Politics

Has jury justice been sold off?

Trial by jury is “the lamp that shows that freedom lives.” But what happens when freedom is sacrificed?

June 29, 2020
Lord Chancellor and Secretary of State for Justice Robert Buckland. Photo: WIktor Szymanowicz/NurPhoto/PA Images
Lord Chancellor and Secretary of State for Justice Robert Buckland. Photo: WIktor Szymanowicz/NurPhoto/PA Images

On the 19th of June the Lord Chancellor, Robert Buckland, announced that he is considering the introduction of trials without juries for “either way” offences with a maximum sentence of two years’ imprisonment. “Either way” refers to the current right for those in moderately serious cases to elect a jury rather than be tried in the magistrates’ court. It may be replaced by the right to elect a judge and two magistrates. The lord chancellor stresses that this would be a “last resort.”

The justification is that there is a backlog of cases due to the lockdown.
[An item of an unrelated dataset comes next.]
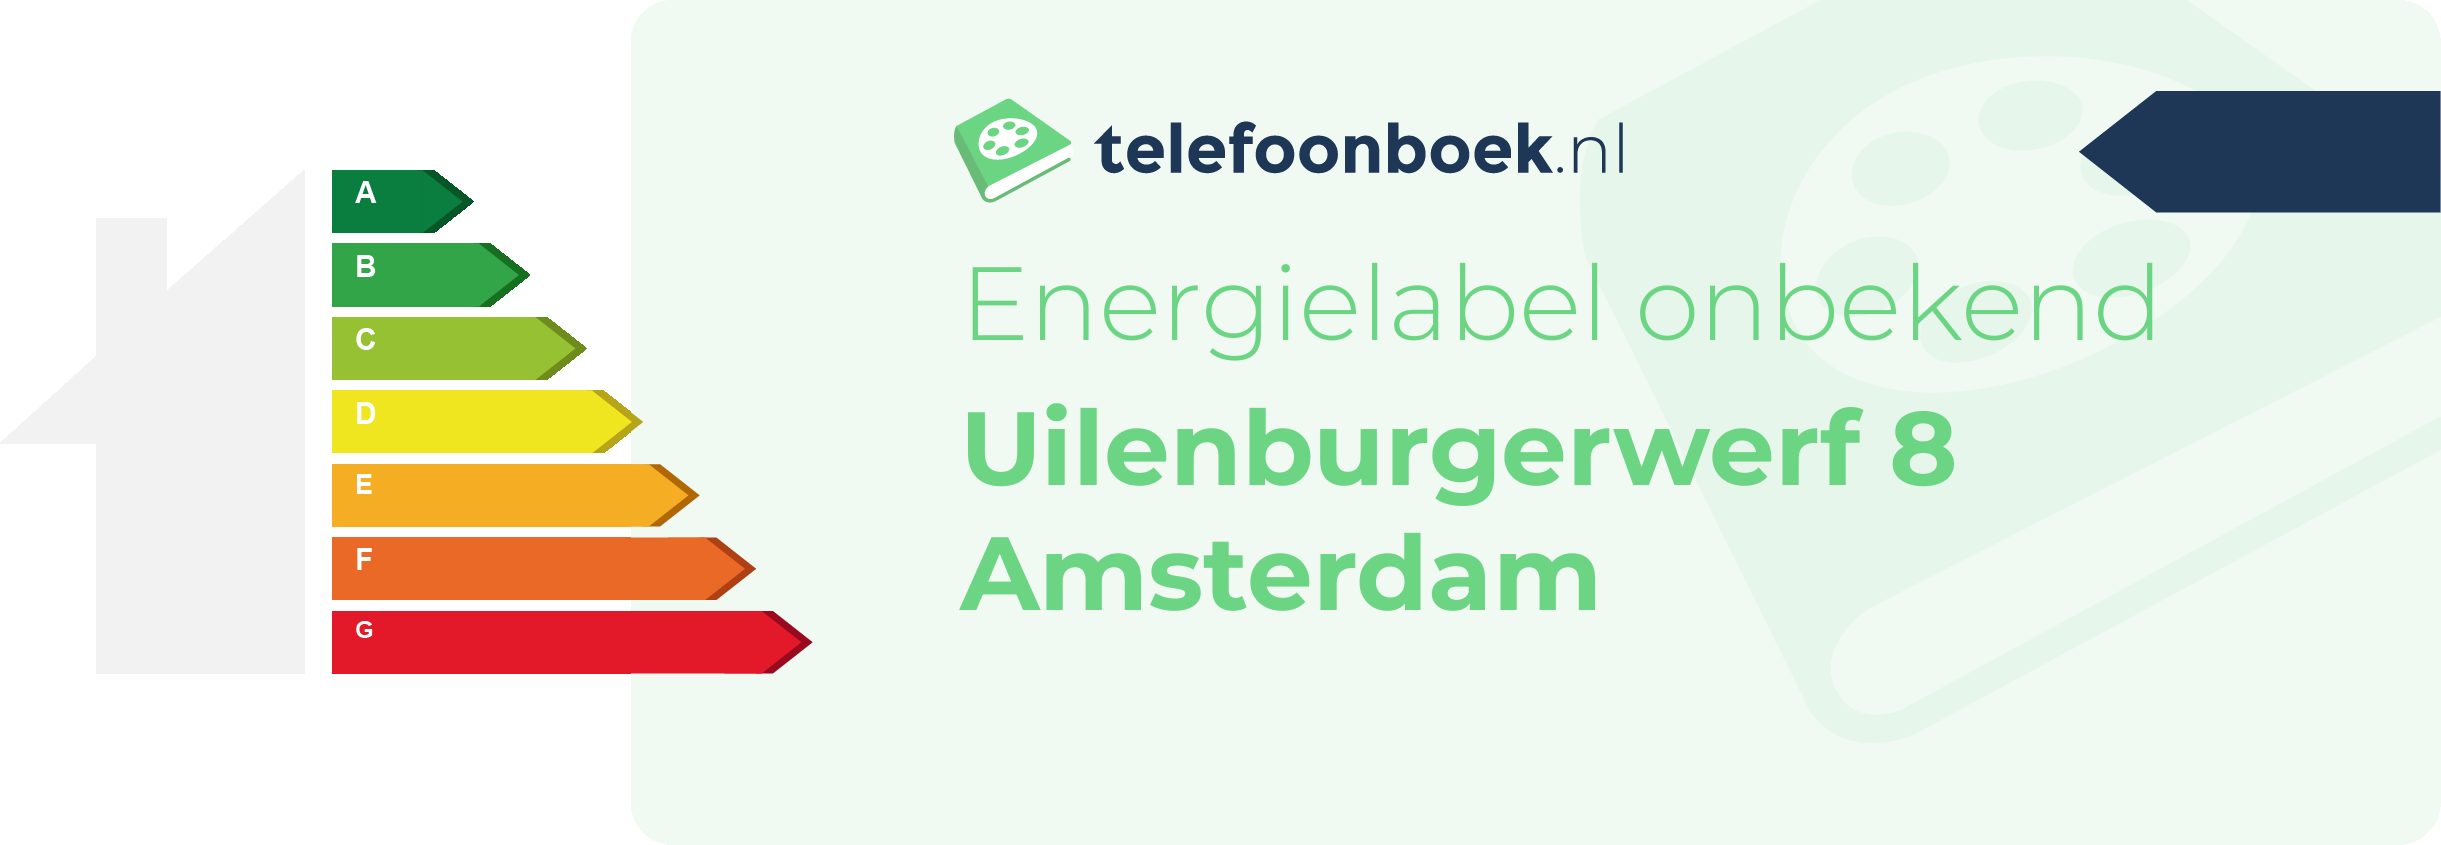 Energielabel Uilenburgerwerf 8 Amsterdam

But this is a fallacy, or what government lawyers are fond of calling a “strawman.” According to recent evidence before the House of Commons Justice Committee, figures published on 24th May show that there were 39,214 cases waiting to be heard by a Crown Court before the coronavirus crisis.  There now are 40,526. This amounts to an additional 3 per cent. The 39,214 cases bearing on the lives of defendants, complainants, witnesses and police had already been shovelled high in the Ministry of Justice’s legal rights warehouse.

The majority of the backlog is not caused by the coronavirus pandemic but by government funding cuts. As court centres were being sold off, and legal aid slashed, for good measure the number of court sitting days also was reduced. Since 2018 alone, these have been cut from 97,400 to 82,300.

Coronavirus may have exposed a gutted criminal justice system but it certainly did not cause it. The solution is to spend money on the courts and legal resources; not now to move to crudely hacking their constitutional underpinnings.

The legal history of juries inspire deeply-felt emotions, with roots in Magna Carta and more tangibly in the Habeas Corpus Act of 1640, which abolished the Star Chamber. But it was the willingness of Edward Bushel and his fellow jurors to be locked up, rather than obey the judge and convict Quakers Penn and Mead of unlawful assembly, that sealed the importance of juries in criminal justice. This act of defiance in 1670 was an extraordinary stance by disinterested property owners who refused to return a verdict contrary to their consciences.

From my experience , clients and complainants trust juries and are more able to accept a jury verdict than that of a judge. In part, trust is engendered by diversity that pulses through juries; a diversity that continues to only lightly touch our judiciary. This also increases the confidence of minority communities often poorly served by our criminal justice system.

A jury trial is part of a liberal democracy; it places members of the public in a central role in the administration of criminal justice. And there are enough people to balance the prejudices and biases that may be absorbed from life. I have seen a jury sense of justice at work in a positive way many times over my career.

Of course, juries are not perfect and I would prefer there to be more academic studies of them, with lifting of restrictions on communications with jurors after the completion of cases. But the essence of a jury is the essence of people judging their peers. It is the essence of humanity.

The plan is to introduce a new law by September. It would be another law which would impact most upon the vulnerable. We may have become numb to the government’s posting of emergency laws restricting movement, worship, business and family life but their inherent illogicality and unfairness illustrates the danger of rushed lawmaking. Whilst the jury scrapping would be under primary legislation, enforcement in September means that it would be devoid of anything beyond cursory consultation.

There are practical alternatives. There are empty buildings, including those built for the NHS, that can be utilised to reduce the backlog, even if sold courts cannot be repurchased.

Before Article 6 of the European Convention on Human Rights, guaranteeing a right to fair trial, was in existence, William Blackstone said:

“the trial by jury ever has been, and I trust ever will be, looked upon as the glory of the English law. Great as this eulogium may seem, it is no more than this admirable constitution, when traced to its principles, will be found in sober reason to deserve. The impartial administration of justice, which secures both our persons and our properties, is the great end of civil society.”

Lord Devlin famously described trial by jury as “the lamp that shows that freedom lives.”

Freedom encompasses human dignity, whilst law strives for universality and certainty and justice reaches for fairness. But Lord Devlin’s lamp may now pick out cheap price tags on all three.